Если я пью день-два подряд, мне становится довольно скверно. Я же говорю, я лежал в больнице. Печени кирдык, да и паре других органов, наверное, тоже. Я быстро вспыхиваю — кожа раскаляется. Звенят звоночки. Мне нравится пить, но надо прерываться, поэтому время от времени я беру несколько выходных, а не пью днем и ночью, как раньше. Мне уже пятьдесят три; я хочу побыть в игре еще чуть-чуть, чтобы многим сала за шкуру залить. Если доживу до восьмидесяти, вот уж я их разозлю.

А поэтические чтения — это действительно такой ужас, как у вас в некоторых рассказах?

Это пытка, но мне нужно платить за лошадок. Видимо, я читаю скорее для них, а не для людей.

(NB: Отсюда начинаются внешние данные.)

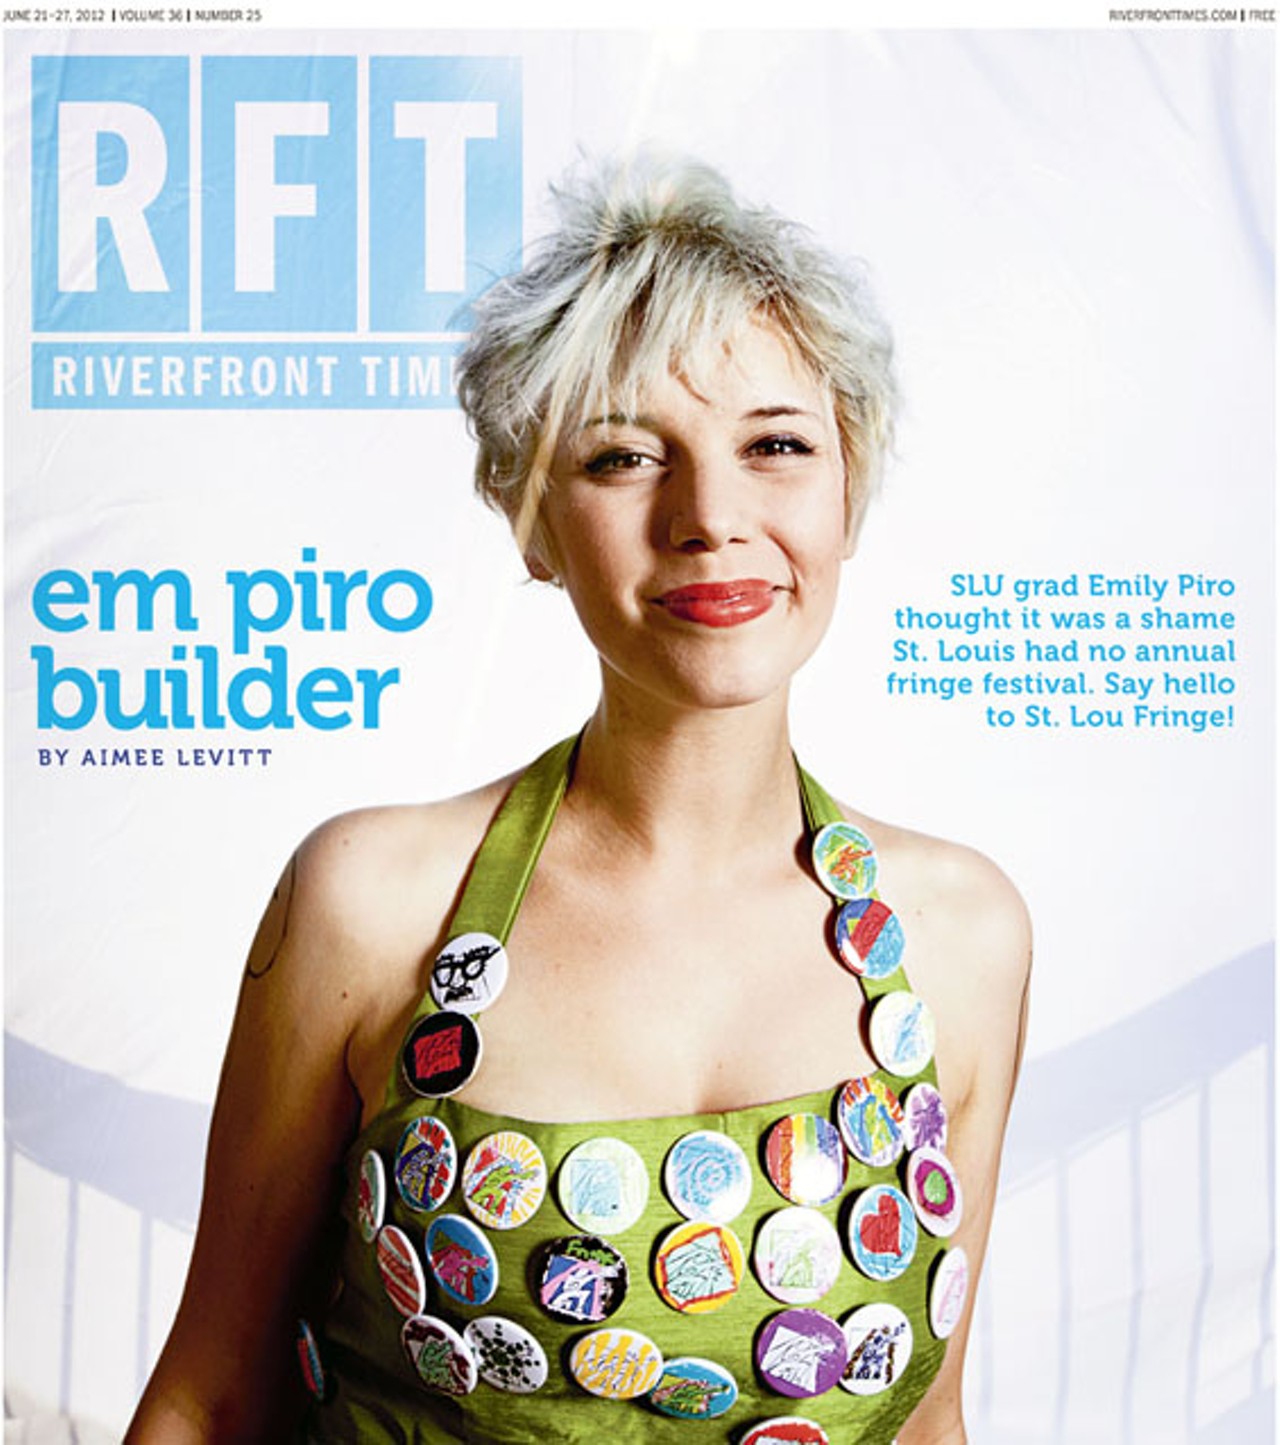 SLU grad Em Piro thought it was a shame St. Louis had no annual fringe festival. Say hello to St. Lou Fringe! By Aimee Levitt in the June 21 issue. Cover: Photo by Jennifer Silverberg.

Сколько времени вы проводите на скачках?

Слишком, слишком много, а теперь и подругу еще подсадил. Знаете, я про бега никогда сам не заговариваю. Мы лежим такие, и тут наступает утро. Или пишем, бывало. (Она пишет в одном углу, я в другом. Так у нас недурно получается.) Мы неделю просидели на бегах, и тут я говорю: «Ну наконец-то мы что-нибудь напишем». Как вдруг она берет и говорит что-то про бега. Может, слово-два. Я отвечаю: «Ладно, поехали. Ты сама предложила». И вот так постоянно. Если б она рта не открывала, мы бы и не ездили. Мы между собой должны решать эту проблему, когда один хочет ехать, а другой нет.

Бега — тягомотина. Между заездами полчаса, время впустую; а если еще и проигрываешь, тогда совсем нехорошо. Но ведь как бывает — приезжаешь домой и думаешь: «Вот теперь я понял. Я знаю, что они там делают». И разрабатываешь новую систему. А когда возвращаешься на бега, выясняется, что либо они чуть-чуть ее поменяли, либо тебя нюх подвел, — слезаешь с этой системы, и лошадь выигрывает. Лошади учат, есть у тебя сила характера или нет.